With power on and nothing connected it measures 5V between GND/A/B and 5V and resistance between each of those shows 0.0

What do you think the cause is then? Bias still or the USB dongle or bad programming on the HVAC resulting in it not waiting it’s turn? Something else?

That is my thought but all diagrams I have seen when I look up datasheets or how to guides show 1 pulling low and 1 pulling high rather than both low. They appear to pull low but a bit slowly leading to the ramp seen when I measure against GND instead of differential. According to a calculator I looked at those bias resisters would ideally be 540R pulled high/low rather than both low.

And it’s incredibly simple for the most part from a wiring perspective, only requiring a transmit wire, a receive wire, and a signal common wire (YES—please use a signal common wire, grounded at one end only—thanks!)
...
...
The objective of biasing is to make sure that the RS-485 line remains in a known, non-fluctuating state when no devices are transmitting. Biasing the entire network requires a single pair of resistors: add a pull-up resistor to +5V attached to the +V signal line, and a pull-down resistor to ground attached to the -V signal line.

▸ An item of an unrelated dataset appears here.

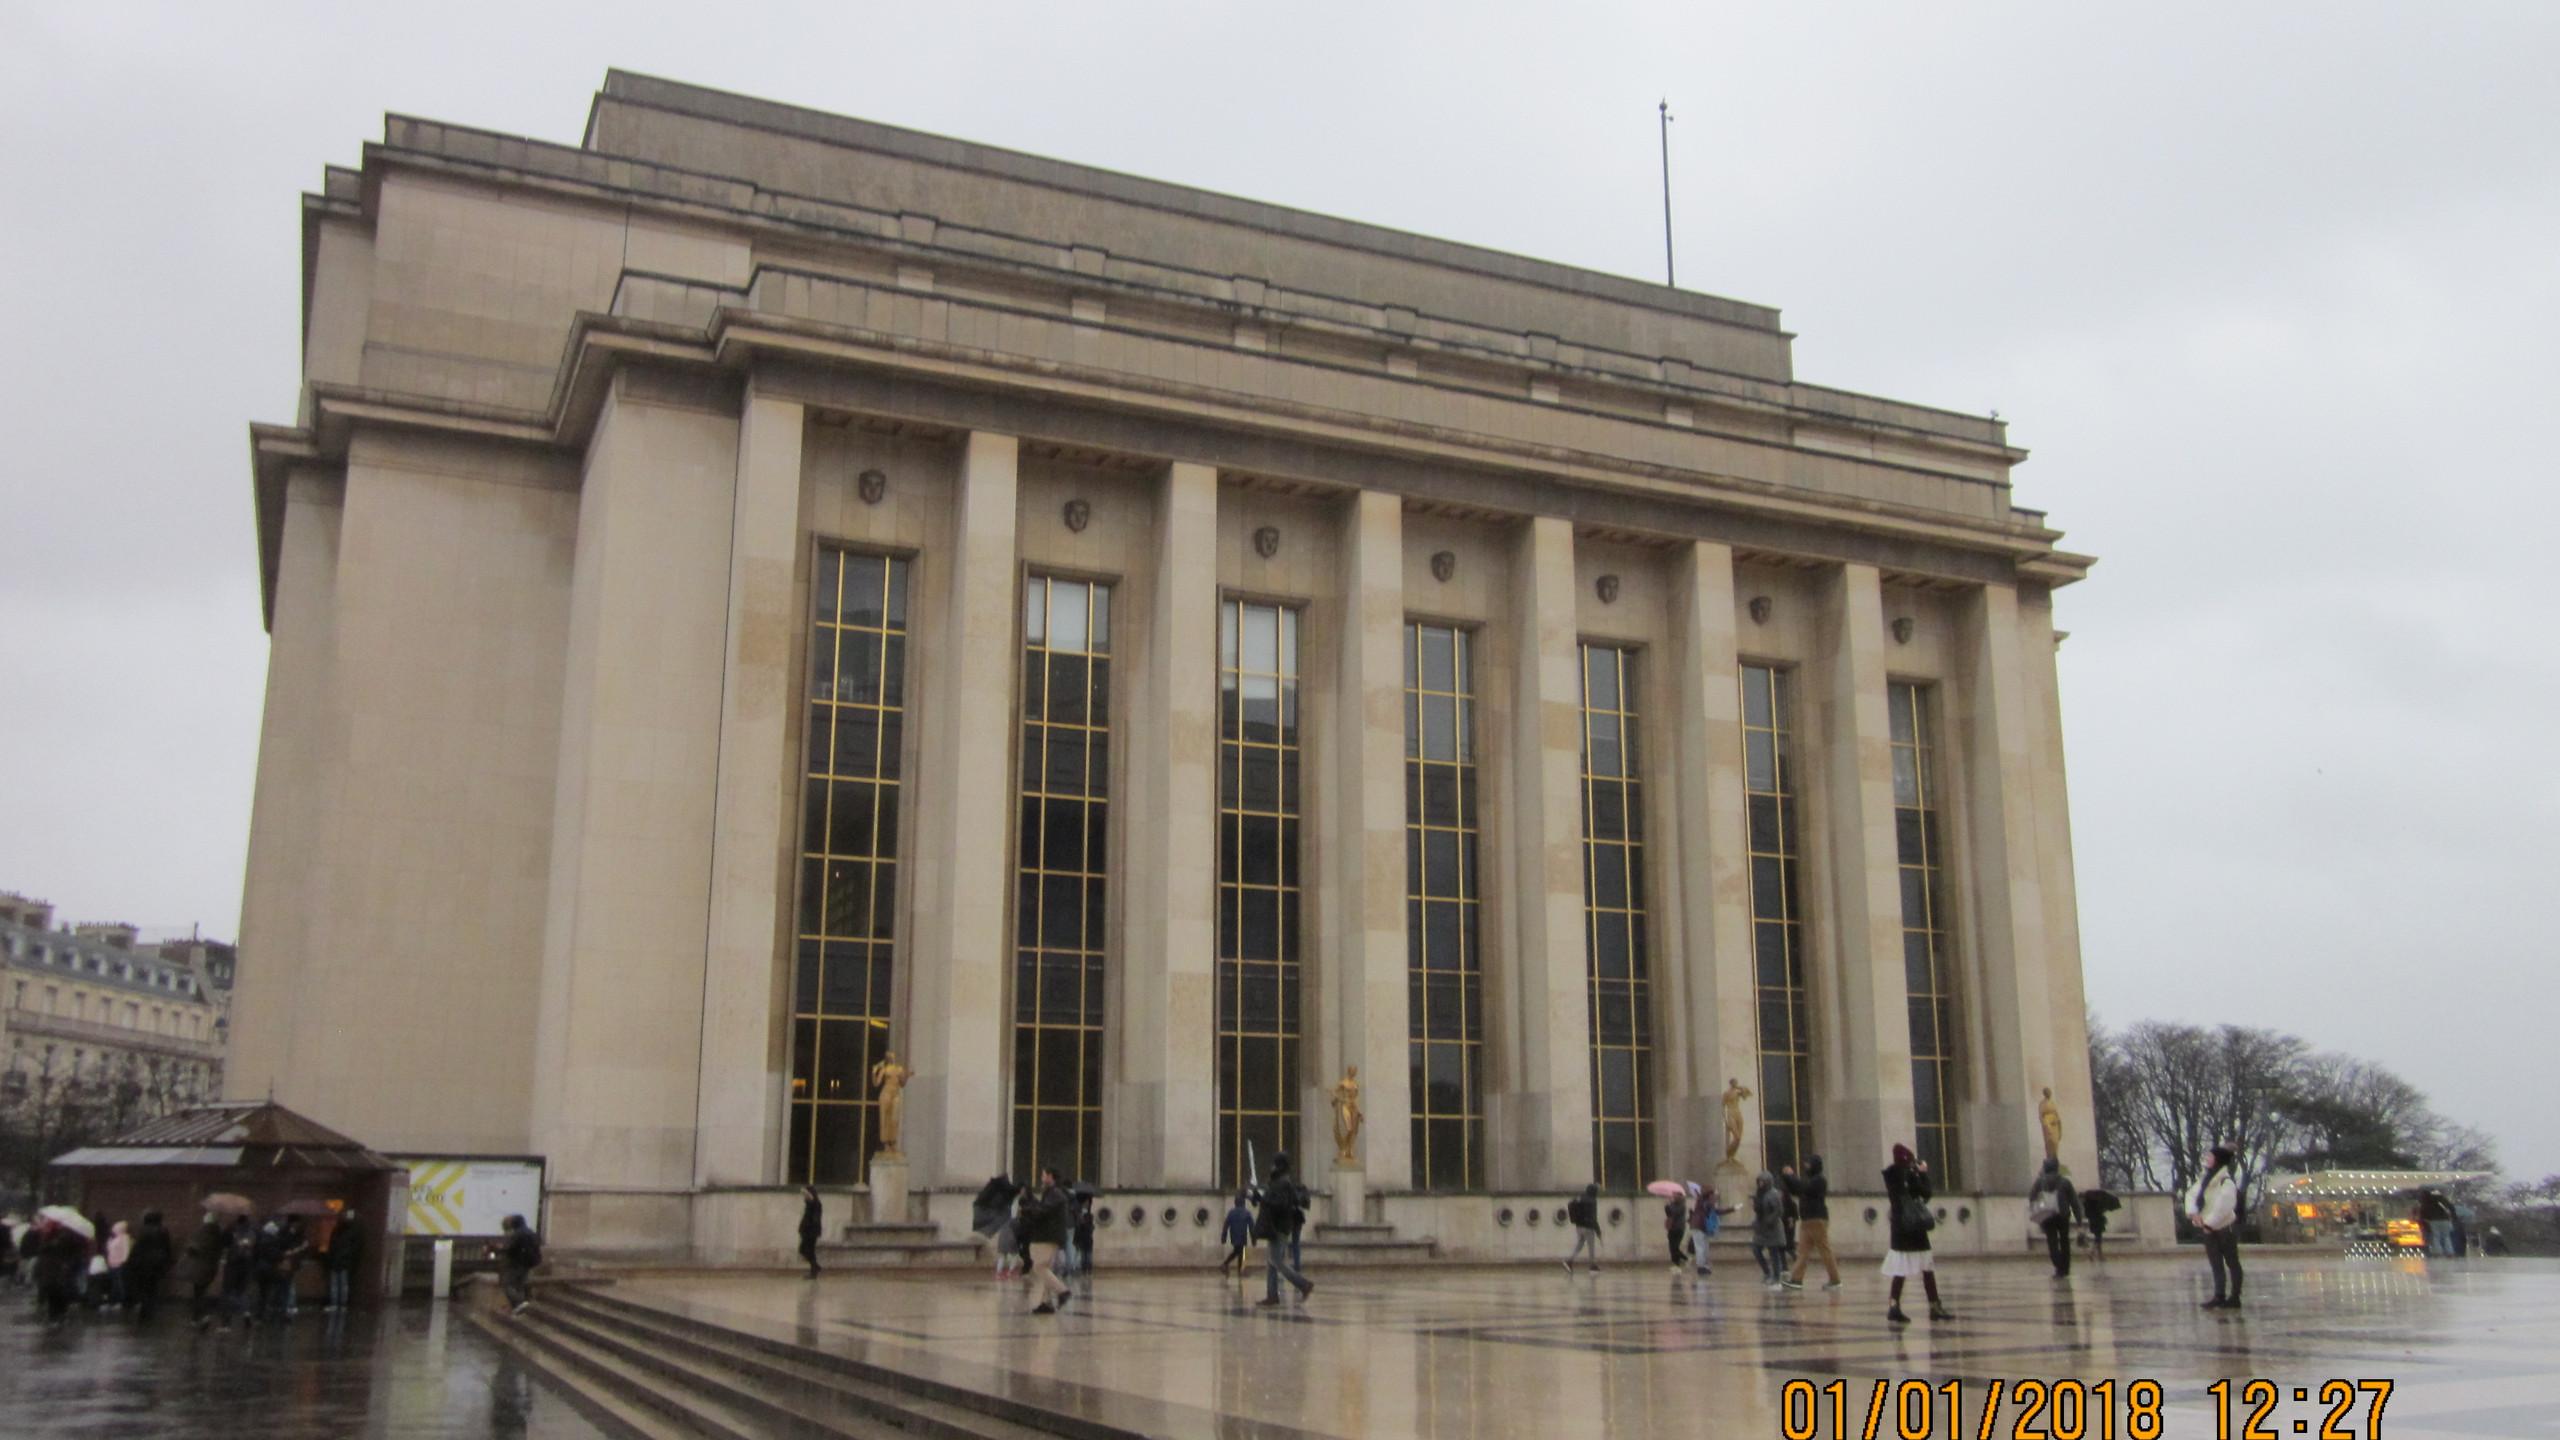 Le Palais de Chaillot - 1937

RS-485 networks such as Profibus, Optomux, and DH-485 (see below) typically have biasing resistors at the primary node.

The above was taken from RS-485 - To Terminate, Bias, or Both? and I have never heard of terminating the common line at one end only?!? In the usual applications I use (TTL/I2C) they require a shared ground or they are prone to a lot of noise. Seeing as how the USB has a ground I can connect to I will try that but I am unsure how that could benefit it.
The same guide strongly suggests that bias or termination are the most likely faults to occur so I will try moving my resistor to VCC if a 1 sided ground does nothing although that is still 4.7K and not close to the recommended 540R but I have very little in chip resistors in my inventory to try anything else.